Ooh yes that would be really cool - we experimented a bit with code generation, but found that it was a bit unreliable and fiddly since it required such precise prompting. Certainly something we'd like to expand into in the future, though


related question from someone technical but not in ML:

for the text tagging example, is the underlying approach same or different to elasticsearch term analyzing and scoring?

can anyone help with pros and cons?

context: given a customer chat for returning a product, the text scores terms like "return", "refund", "exhange" for relevance. also makes think how to handle synonyms?


So I will admit that I don't know a lot about how elastic search works under the hood, but I can describe how ours does. Under the hood we use a large language model called BART which has 2 key benefits: 1. It has more "general knowledge", so it doesn't just search for semantic similarity between the text and tags you provide. This makes the tagging more accurate. 2. This model can be fine-tuned fairly easily for specific use-cases or on more recent datasets.
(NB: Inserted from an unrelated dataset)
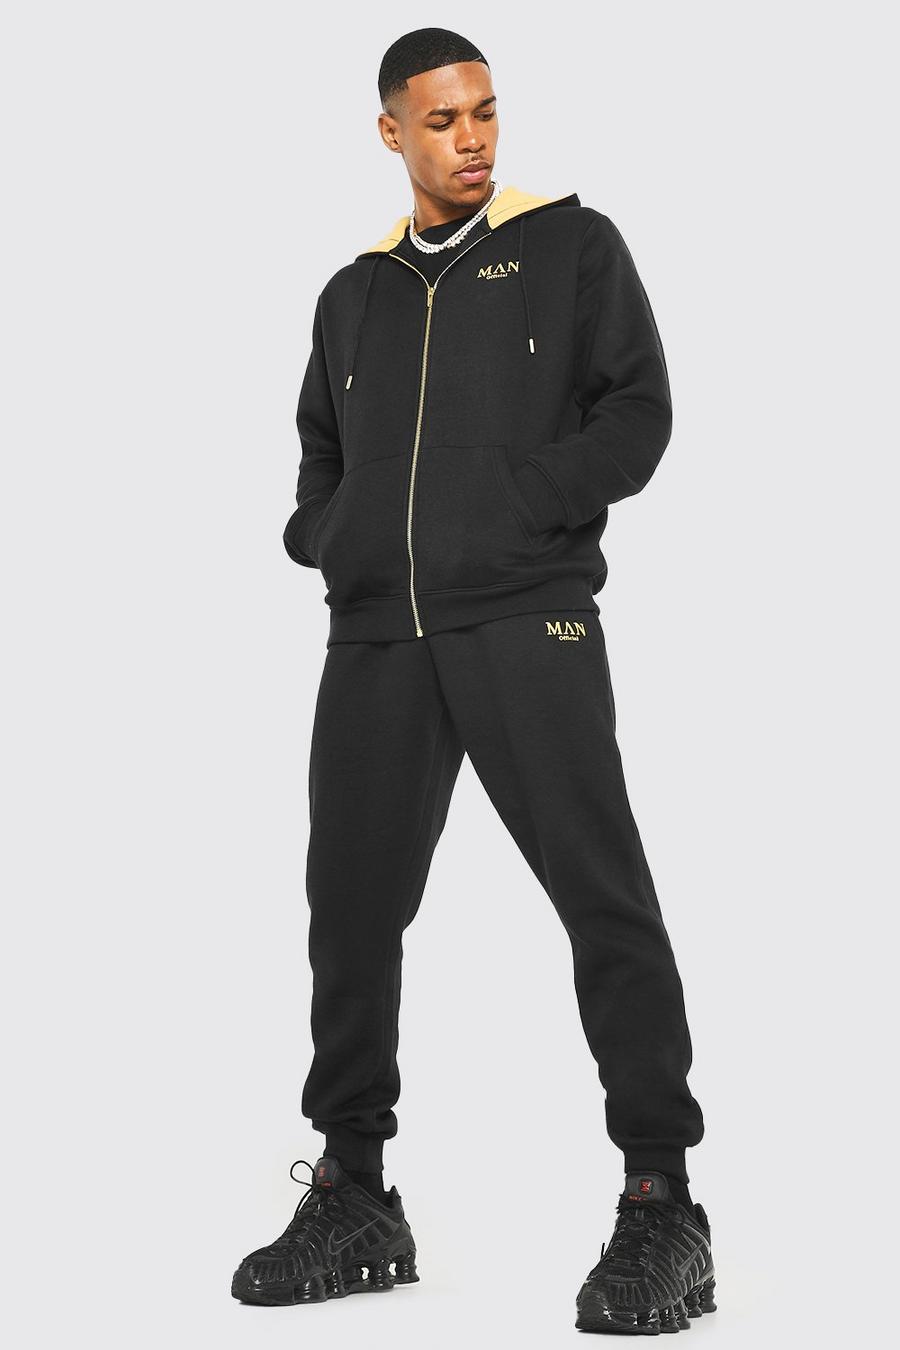 Man Gold Trainingsanzug mit Kapuze und Reißverschluss, Black schwarz image number 1

For example, if you have your own taxonomy that you'd like to categorize certain text by - this is popular amongst advertisers who need to place ads on specific types of content, and e-commerce companies that need to categorize products on their site in an easily separable way - it's pretty straightforward to teach this model.
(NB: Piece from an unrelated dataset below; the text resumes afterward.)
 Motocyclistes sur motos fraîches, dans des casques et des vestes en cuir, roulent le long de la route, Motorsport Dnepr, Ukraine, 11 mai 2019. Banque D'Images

The synonyms question is a good one - so far, we've found that adding them here isn't really necessary as they'll all present similar scores.
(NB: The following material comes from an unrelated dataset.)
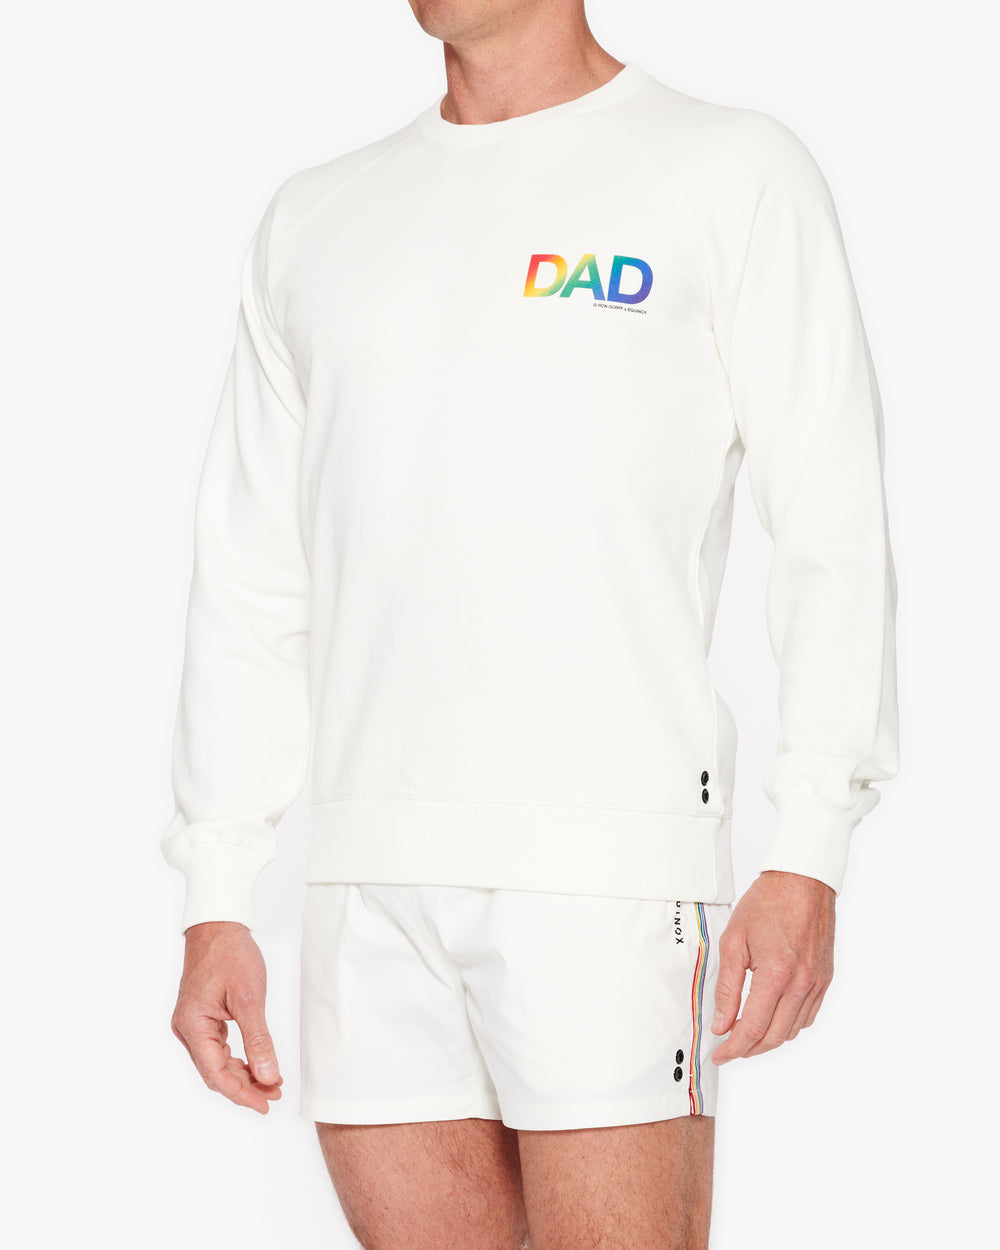 Ron Dorff Equinox Dad Pride Sweatshirt

thanks, i've been conflicted between "go with what you know" and investing time to keep up with tech.

your value prop is a nice hedge in that i can try it out and play with results without much any investment, thanks!

(long winded added context: im interested in classifying recipes into useful taxonomies. ex: "sweet potato" -> vegetables, root-vegetables, potato family, flavor: sweet, etc. still exploring, my goal is to recommend ingredient substitutions in an intuitive way. like "other potatoes" yes, but it's because it's starchy with a particular flavor profile etc.)


Of course, we're happy to help :) The pace of change, especially in AI right now, is pretty dizzying so I can certainly relate.

That's a super interesting use case. I'm curious to see if the model can achieve that out of the box or if it'll need to be fine tuned. Please keep us updated!


Congrats on the launch! I'm glad you mentioned OCR. Why is it so hard to find accurate ML-powered OCR models? The only good one that I know is Google's Vision API.


Thank you! We've wondered the same. There are a few useful open-source models out there (doctr, TrOCR to name a couple) but our best guess is that it comes down to the relatively lower availability of good, public OCR datasets, especially for PDFs. A quick and dirty search on paperswithcode.com shows that there are 33 OCR datasets available, out of ~7800.

That said we've seen people have success with the ones I mentioned working out of the box, and I know of two folks who've fine-tuned a model to do what they need.


Congrats on the launch!

btw - It's great to see the use of various 3rd tools to launch an API business:

- auth0-hosted page for login

- stripe-hosted checkout page for billing

- metabase for user dashboard (e.g., api usage stats)

- gitbook for api docs

We used to build these things from ground up ourselves [1] :)

[1] https://www.listennotes.com/blog/how-i-accidentally-built-a-...


we are HUGELY grateful for those companies - would've taken us so much longer to get off the ground without them


(great article too btw)


How is this different from Eden ai


tbh, and this might seem like a minor detail, but I would point out that the new user flow to get started and try out models on pyq is very different from Eden AI. With Eden, I had to go through an entire sign-up flow and questionnaire, but with pyq I just go directly to one of the model pages like https://www.pyqai.com/zoo/models/14 and can try things out immediately.

We're all still discovering use cases for these really popular models, so as a potential user the attention to detail on the discovery and try-out experience matters a lot to me.

It's also just plain fun!


We are fairly similar, but we provide model hosting, and also are focused on a more narrow band of AI tasks, including image generation for blogs, stock photos, and events.